The European Central Bank has kept its main interest rate at 0% - but has slashed its predictions for how inflation will grow across the continent.
ECB Raises Eurozone Growth Forecasts, Trims Inflation Outlook
The ECB held Thursday's policy meeting in Tallinn, Estonia, one of the occasional meetings held away from the bank's Frankfurt headquarters. However, the central bank did surprise the markets by removing its guidance on rate cuts, saying that rates could remain at current levels for an extended period.
It also confirmed that it would continue with its €60bn per month asset purchase programme until at least the end of 2017 - and maintained the pledge to expand it if conditions deteriorate.
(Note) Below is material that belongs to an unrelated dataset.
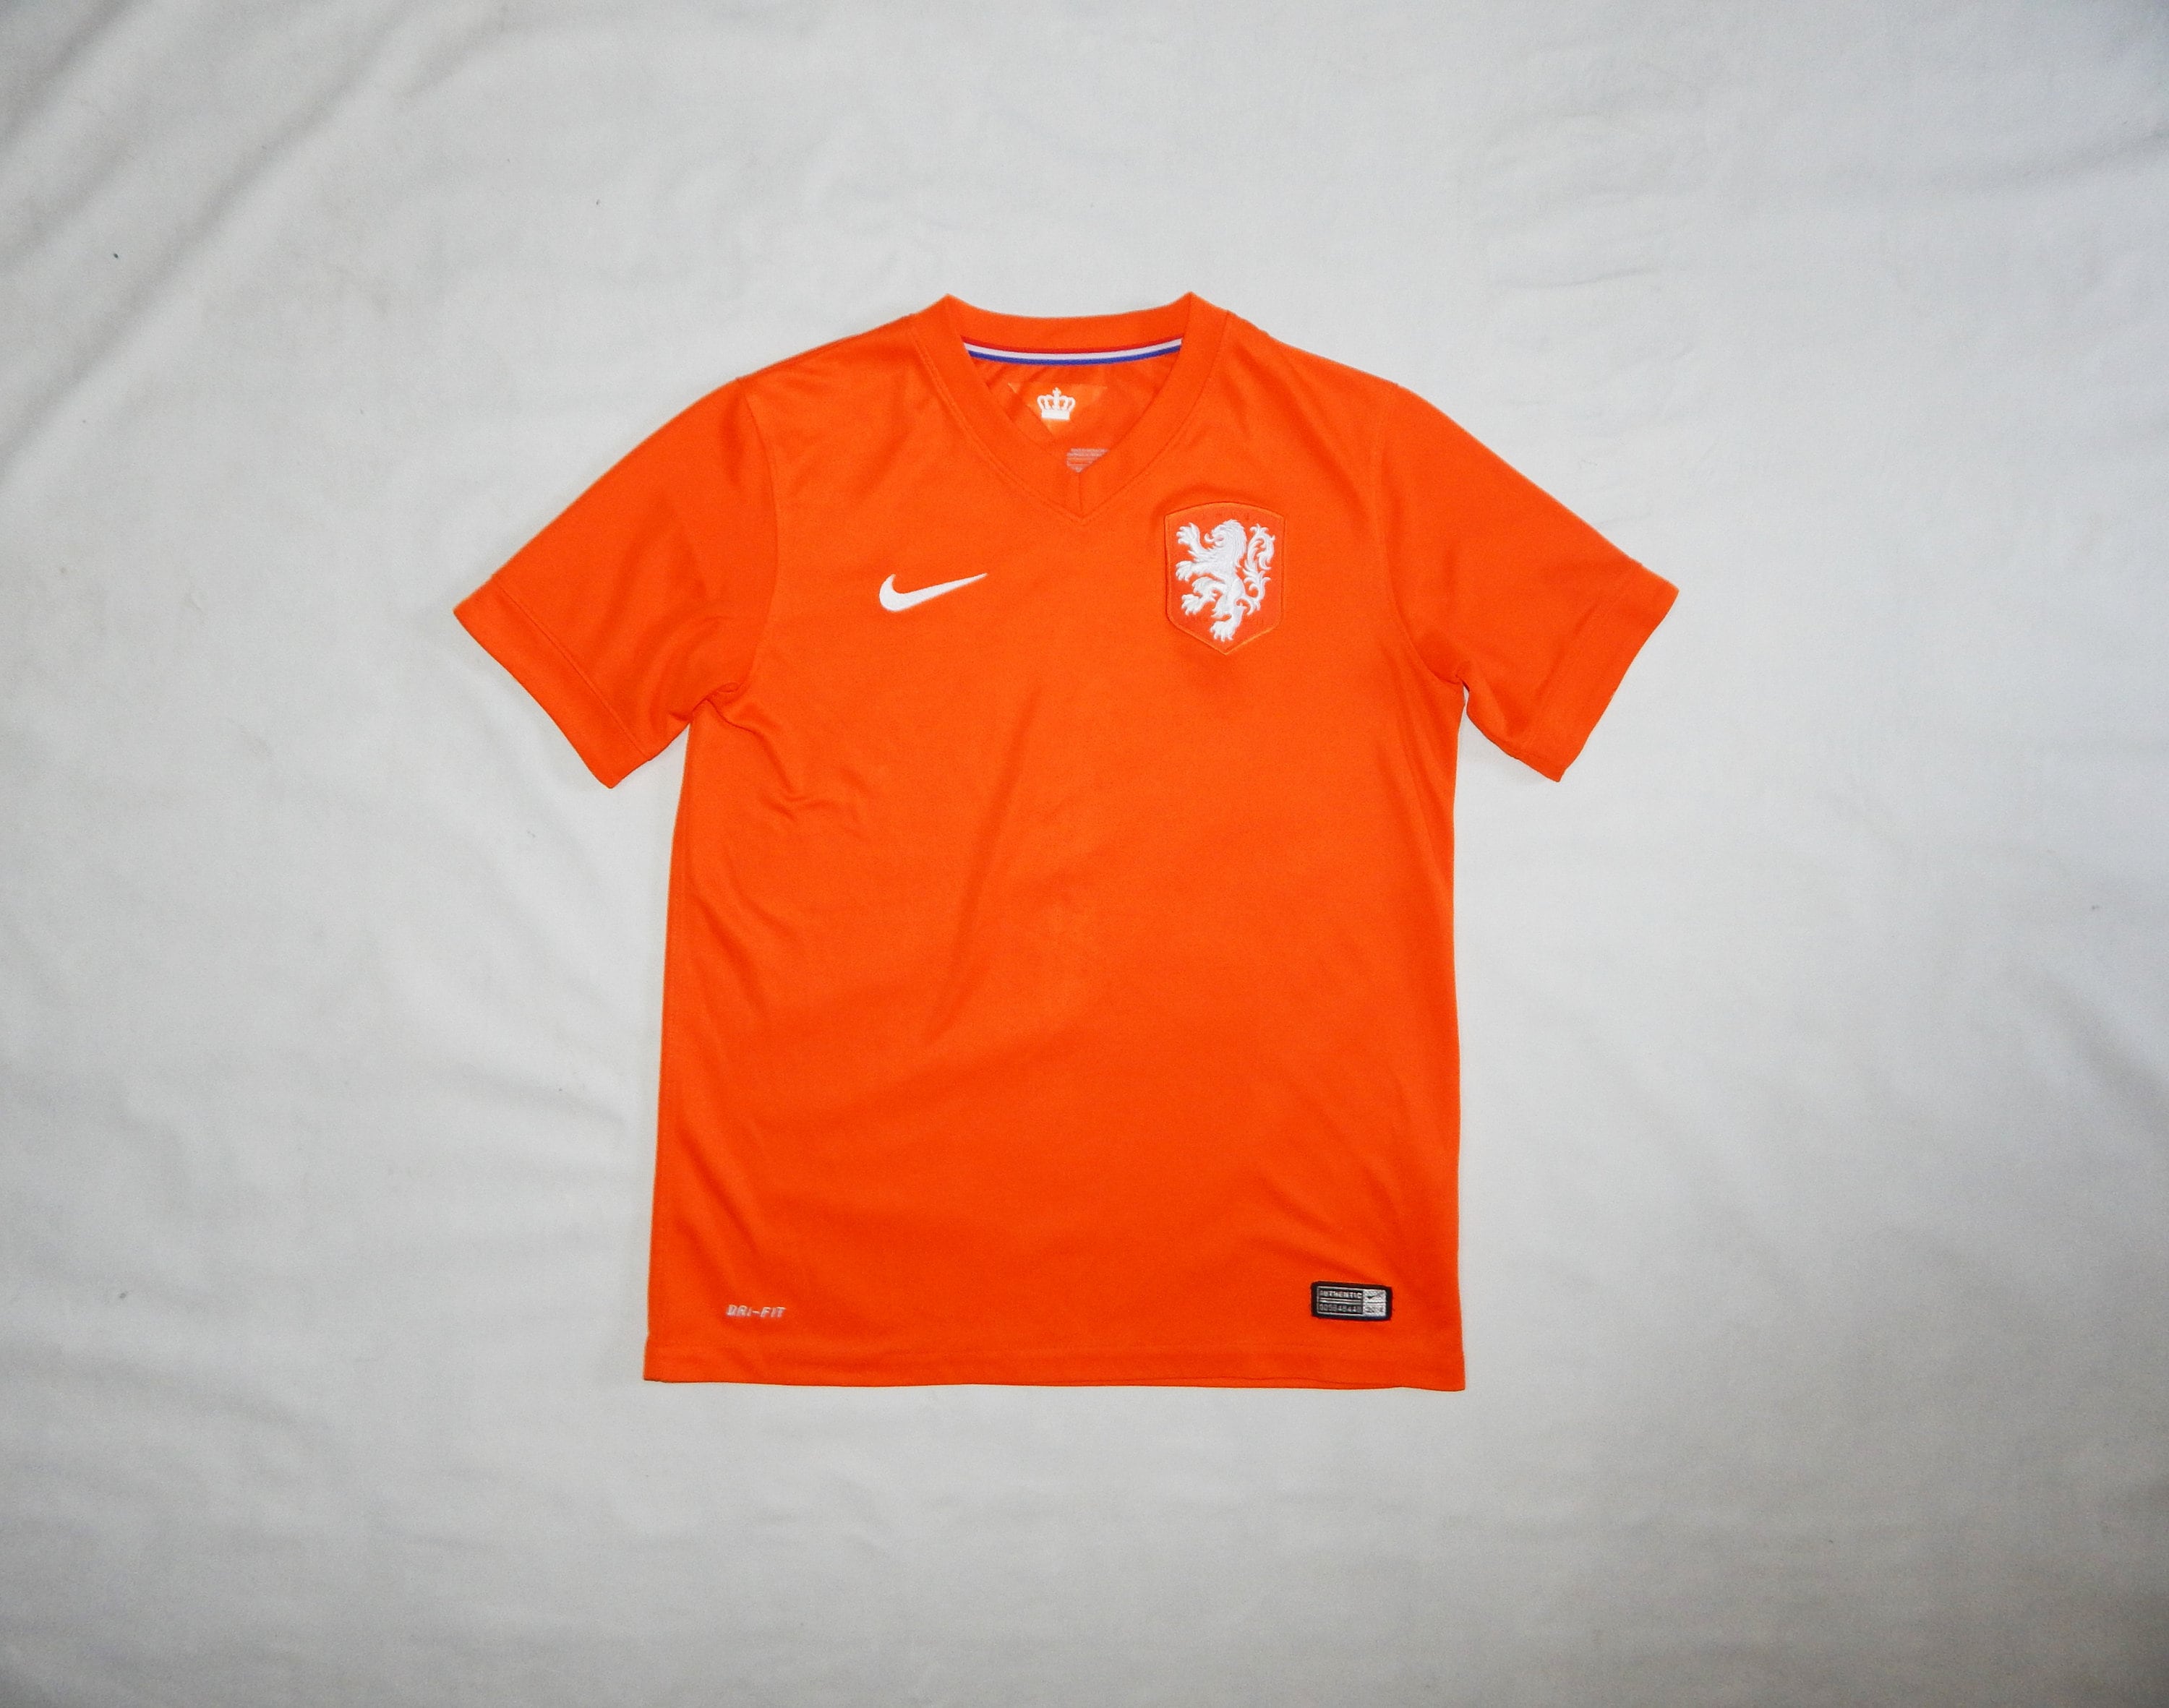 Nike Holland Netherlands Official 2014 Football Soccer Jersey, Size 12-13  Years, Orange Colour -  Canada

Governing council members made no change to language suggesting that they could increase the pace of asset purchases if necessary to stimulate the eurozone economy.
The FTSEurofirst 300 of top European equities briefly hit a three-week low of 1,526.29 after the ECB said subdued inflation meant it would continue to pump more stimulus into the region's economy.
That's a sign of greater confidence in the economy, which is growing at a two-year high, confidence that ECB President Mario Draghi echoed in subsequent comments. Drahgi and his European Central Bank colleagues appear in no rush to tighten monetary policy, but at the same time used less dovish language in the rate statement, in order to relieve pressure from Germany, which has been outspoken in demanding tighter monetary policy. U.S. crude CLc1 was last up 12 cents, or 0.26 percent, at $45.84 per barrel.U.S. Treasury yields edged higher after the ECB's upgrade of its euro zone growth forecast, with benchmark 10-year yields US10YT=RR last at 2.201 percent compared to 2.180 percent late Wednesday.The dollar's gains pushed gold prices lower.
"The economic expansion has yet to translate into stronger inflation dynamics...therefore, a very substantial degree of monetary accommodation is still needed for underlying inflation pressures to build up and support headline inflation in the medium term", Draghi said.
"Numerous ECB officials, including Mario Draghi, have highlighted that the pickup in inflation is due to global factors that have since waned", said Aviva Investors' head of rates Charlie Diebel.
The ECB has predicted a growth across the eurozone of 1.9% - up from the predicted 1.8% which was forecast in March.
The same pattern was repeated with a spike in April, to 1.9 percent, before a retreat in May.
But the bank's announcement Thursday reiterated that its stimulus in the form of monthly bond purchases could be stepped up if the economic outlook worsens.
Meanwhile, the by-products of this ultra-loose monetary policy have become clear. But as those political risks abated with rather market-friendly outcomes, and as growth and inflation have continued to print in a positive direction, expectations for the European Central Bank to step away from stimulus have continued to increase.
The Euro fell sharply in mid-week trade on a news report that leaked changes to the Bank's inflation forecasts just 24 hours prior.
However, the general tone of the press conference was dovish.